What’s Up on Wall Street: Q1 2018

 

Added profits are likely to benefit executives more than workers.

The fourth quarter was positive for stocks, topping off another year of growth for the markets.  Large company stocks in the US rose 6.6% for the quarter and 21.8% for the year.  Small US company stocks were up 3.3% for the quarter and 14.6% for the year, while foreign stocks rose 4.2% for the quarter and 25% on the year. Bonds were up 0.4% for the quarter and 3.5% for the year.

The drivers that have moved markets all year continued during the fourth quarter: optimism among traders about anticipated tax cuts and deregulation, which they believe will stimulate the economy, at least in the short-term. Positive US and global economic data have also further supported market gains.

Massive tax-cut legislation was passed in the waning days of 2017. The lion’s share of the benefits will accrue to corporations and high-income Americans in the form of lower tax rates. This comes at a time when corporations already have robust profitability; the disparity in US incomes has never favored top earners so much. The story being sold in Washington is that the tax cuts will spur dramatic economic growth, which will benefit the middle and lower economic classes as prosperity spreads, raising the financial boats for all, as it were.

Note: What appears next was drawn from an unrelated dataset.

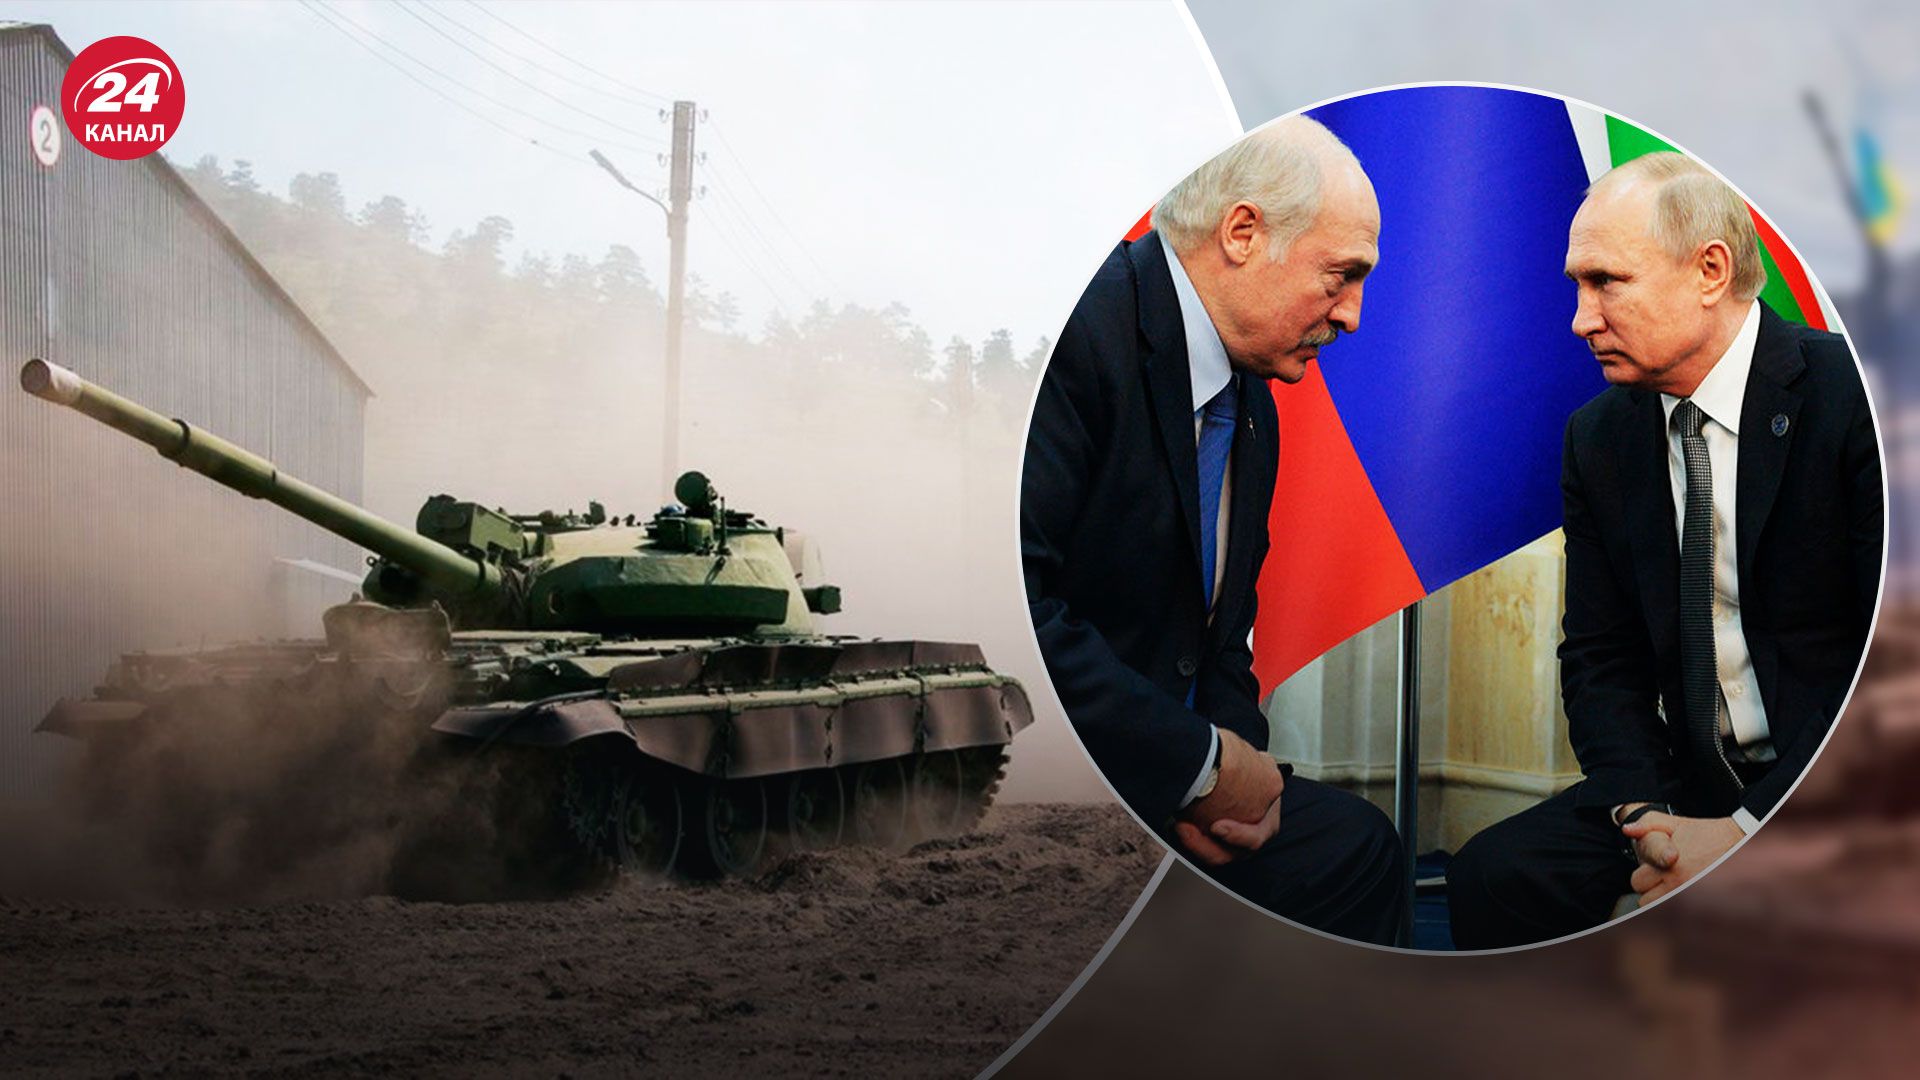 Беларусь передала России военную технику - Мотолько сказал, сколько - 24 Канал

However, there are reasons to doubt that the benefits will find their way into the middle or lower classes. Despite the growth, corporations generally will keep wages flat in favor of rising profits. Economics tells us that wages rise when unemployment falls because employers must compete for workers by paying them more. But in the absence of such tight labor conditions, corporations will generally use added profits for executive bonuses, reducing debt, share buy-backs, shareholder dividends or capital projects, which may include investing in automation as a way to keep their labor costs down.

Worker wages have remained stubbornly low throughout the economic recovery that began in 2008, even though unemployment has declined and is now lower than it was prior to the recession. Research shows that primary reasons for lack of meaningful wage growth include ever-growing automation, applications of technology, and foreign outsourcing—not immigrant labor, as many anti-immigrant leaders proclaim. Corporations did not raise wages meaningfully in 2017 because they were not compelled to do so, although minimum wage increases in 18 states have just gone into effect as of January 1.

Economic growth has been running at around 2% since the 2008 recession, below the rate for some prior recovery periods and below the long-term average of about 3.2%.  (It is important to note that the long-term rate was accompanied by jarring boom-and-bust cycles that included growth rates as high as 16% and as low as -10% between 1947 and 2017.)  

The Fed is projecting a growth rate for 2018 of 2.5%, reflecting the economic momentum coming out of 2017 and possibly some incremental rise from  tax cuts  Interestingly however, the Fed’s long-term growth rate estimate remained unchanged at 1.8%, suggesting a belief that potential growth from the tax cut will be temporary in nature. The widely forecasted ballooning federal debt generated by the tax cuts will likely be longer lasting.

As we look forward into 2018, leading economic indicators are generally viewed as relatively strong and forecasts support the expectation of continued growth for the year.  Among the risks we are considering is the possibility that growth spurred by tax cuts and deregulation will create an overheated economy, a situation which is likely to end in an abrupt and possibly harsh recession, and may well be accompanied by a decline in the stock market. On the other hand, it is also certainly possible that the tax cuts fail to produce the economic growth promised by the legislation’s sponsors.  

Finally, we acknowledge the conclusion of Janet Yellen’s four-year term in February as the first woman Fed Chief.  During her tenure, she oversaw the first interest rate hike in seven years as the Fed sought to normalize its rate policy following the tumultuous 2008 recession. She has led the Fed with dignity and poise, and history will likely judge her work at the Fed favorably.